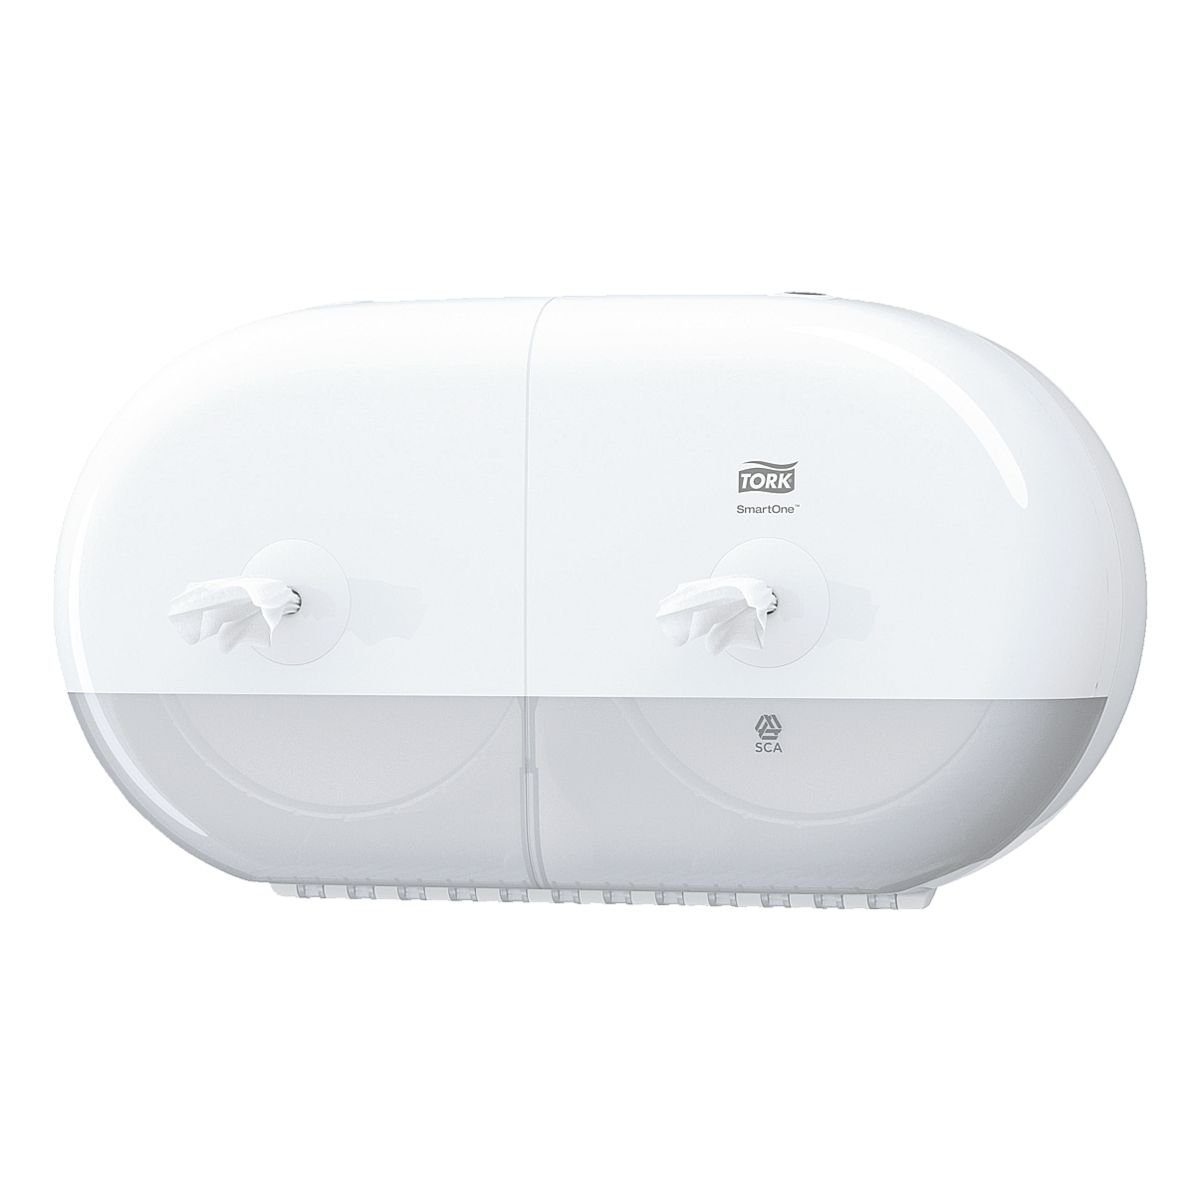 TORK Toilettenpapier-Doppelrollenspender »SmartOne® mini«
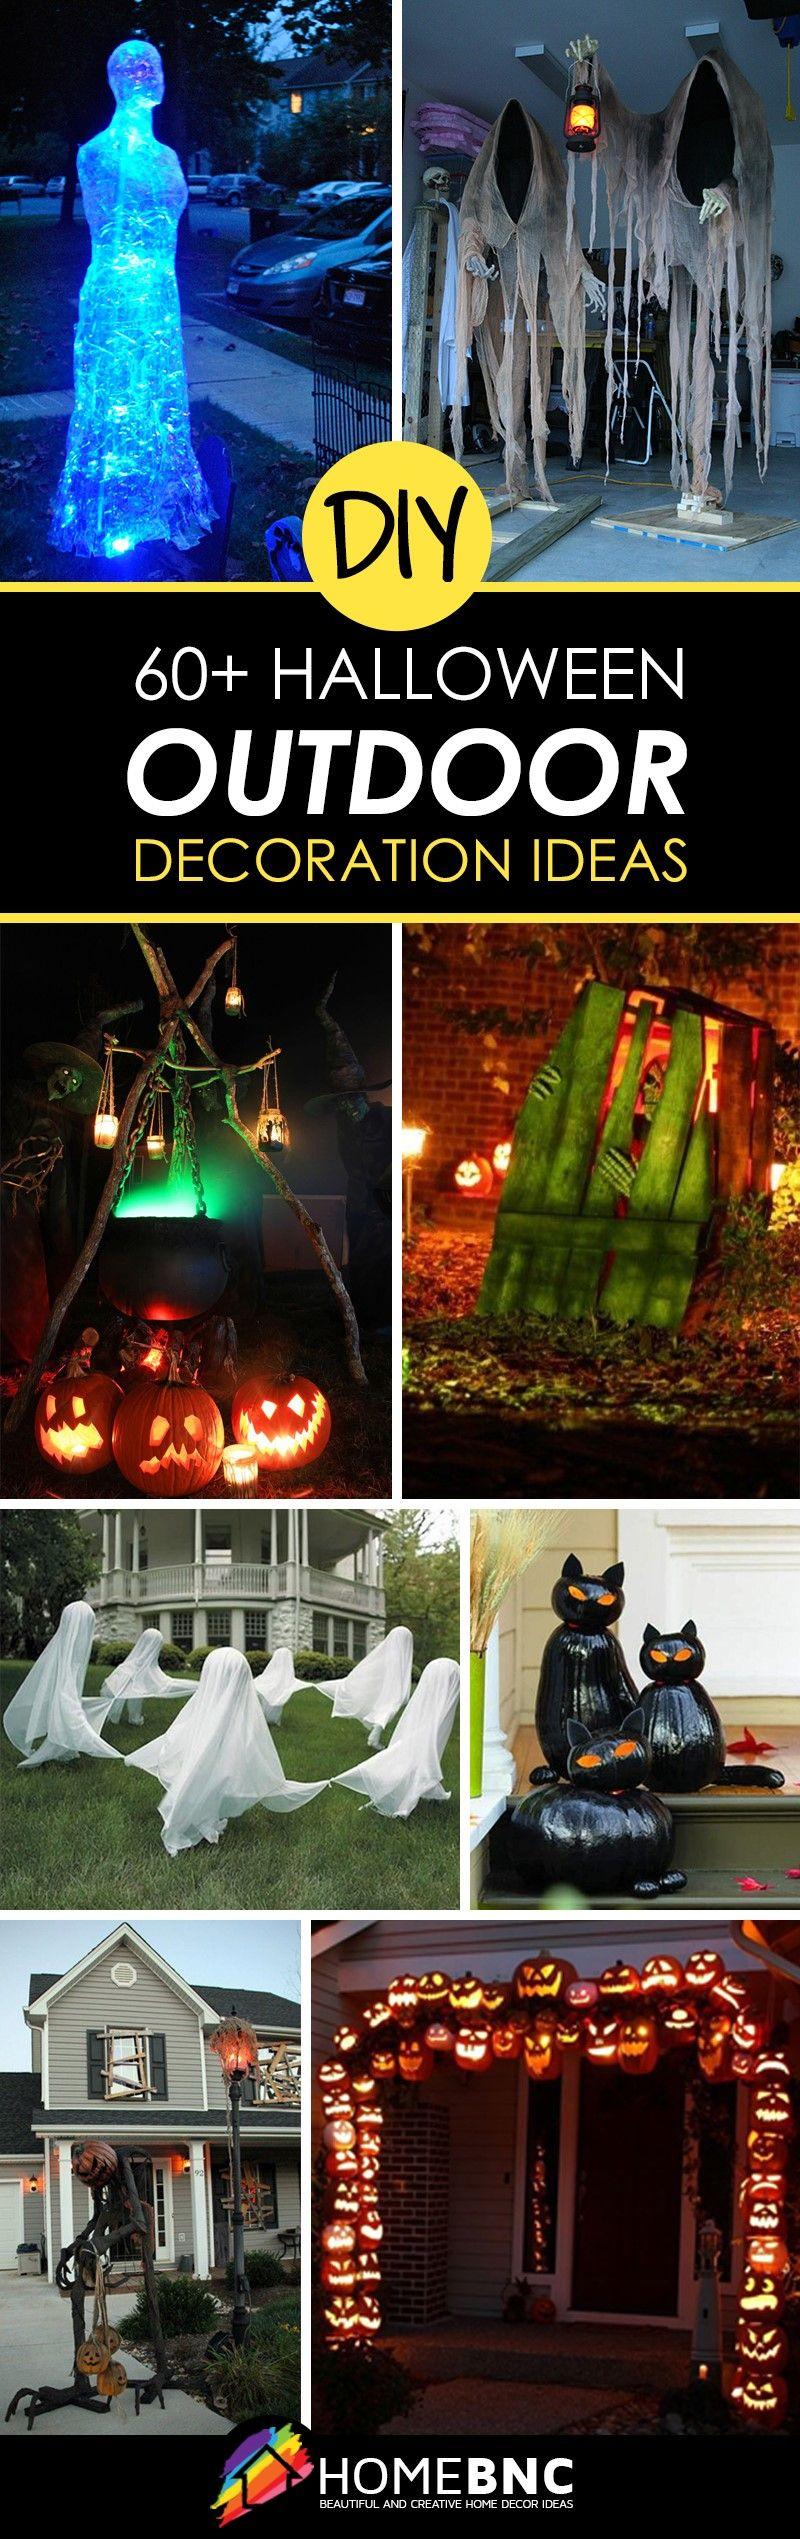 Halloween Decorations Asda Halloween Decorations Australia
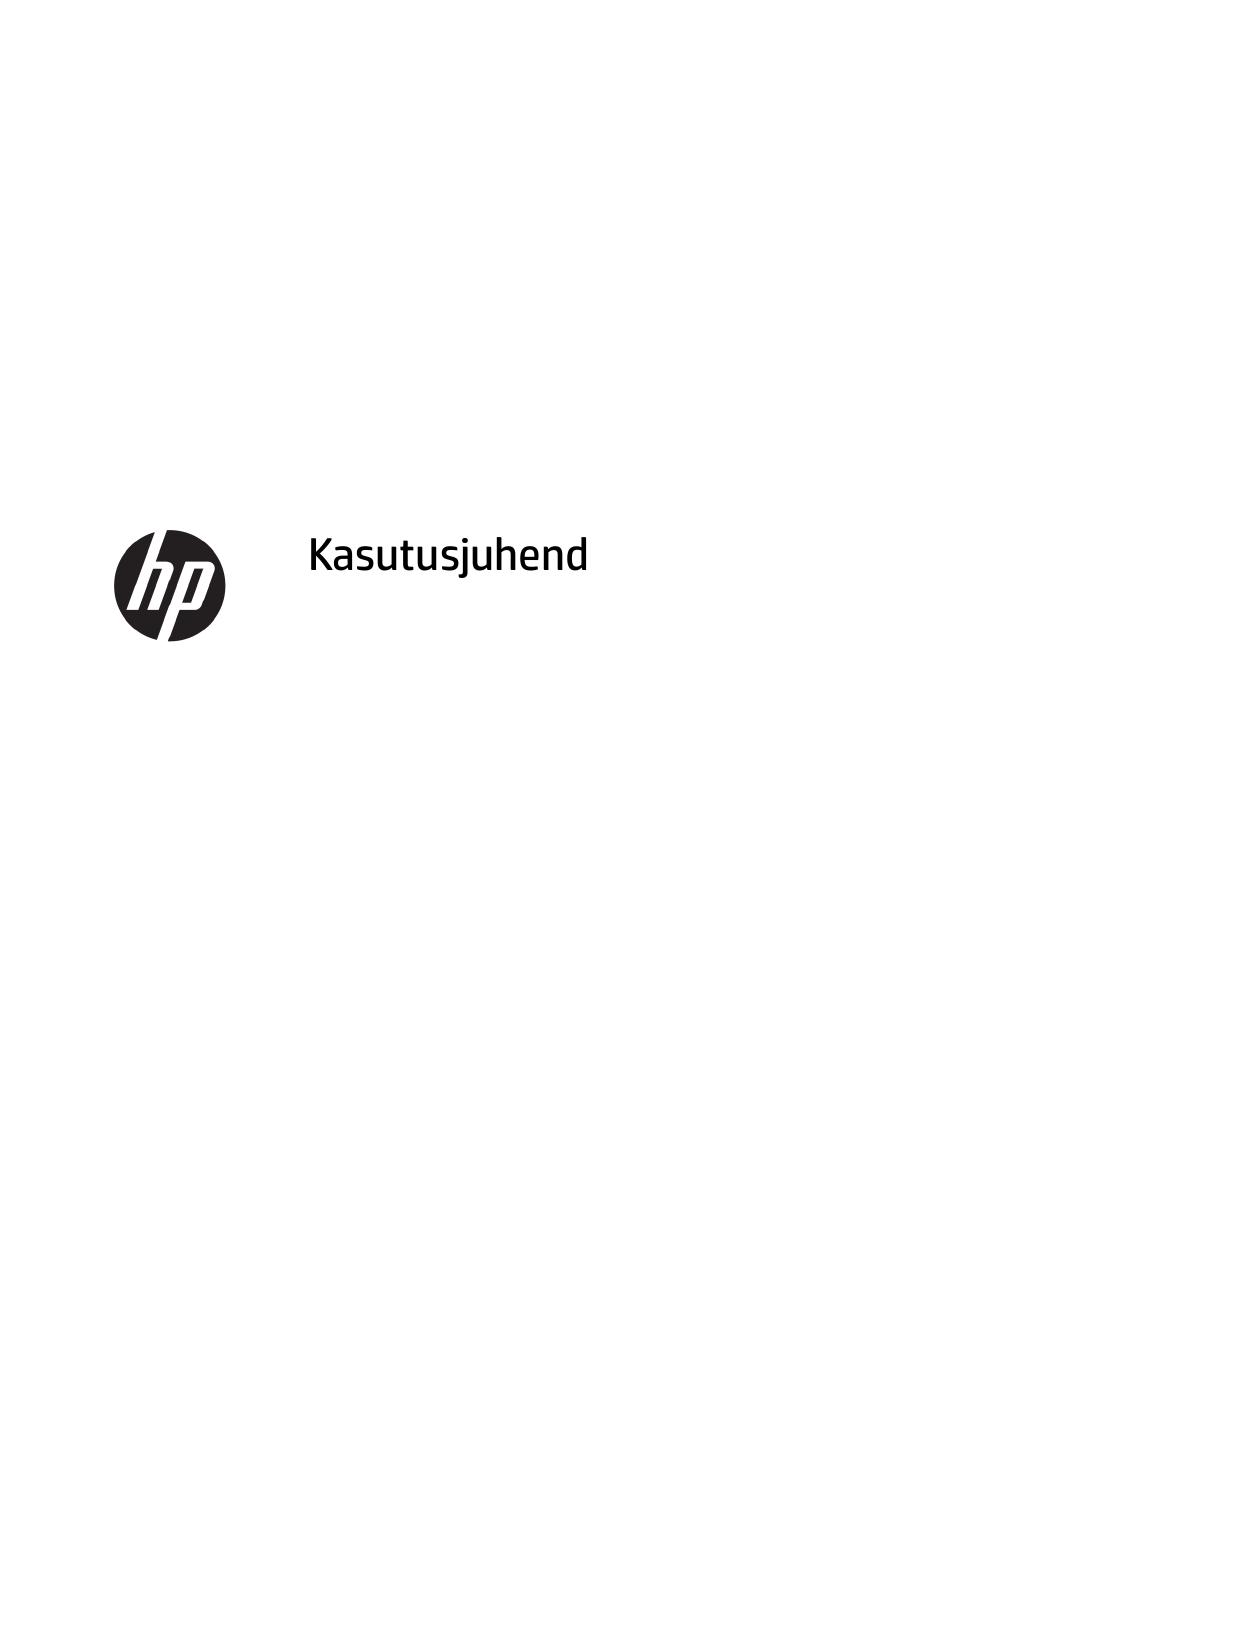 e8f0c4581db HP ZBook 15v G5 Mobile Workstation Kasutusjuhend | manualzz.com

YOUR OBJECTIVE >> Write out an exact copy of the lines beginning at the line that contains "Halloween Decorations Asda" and ending at the last line of the listing. Exclude pictures.

ANSWER SPACE >>
 Halloween Decorations Asda Halloween Decorations Australia
 e8f0c4581db HP ZBook 15v G5 Mobile Workstation Kasutusjuhend | manualzz.com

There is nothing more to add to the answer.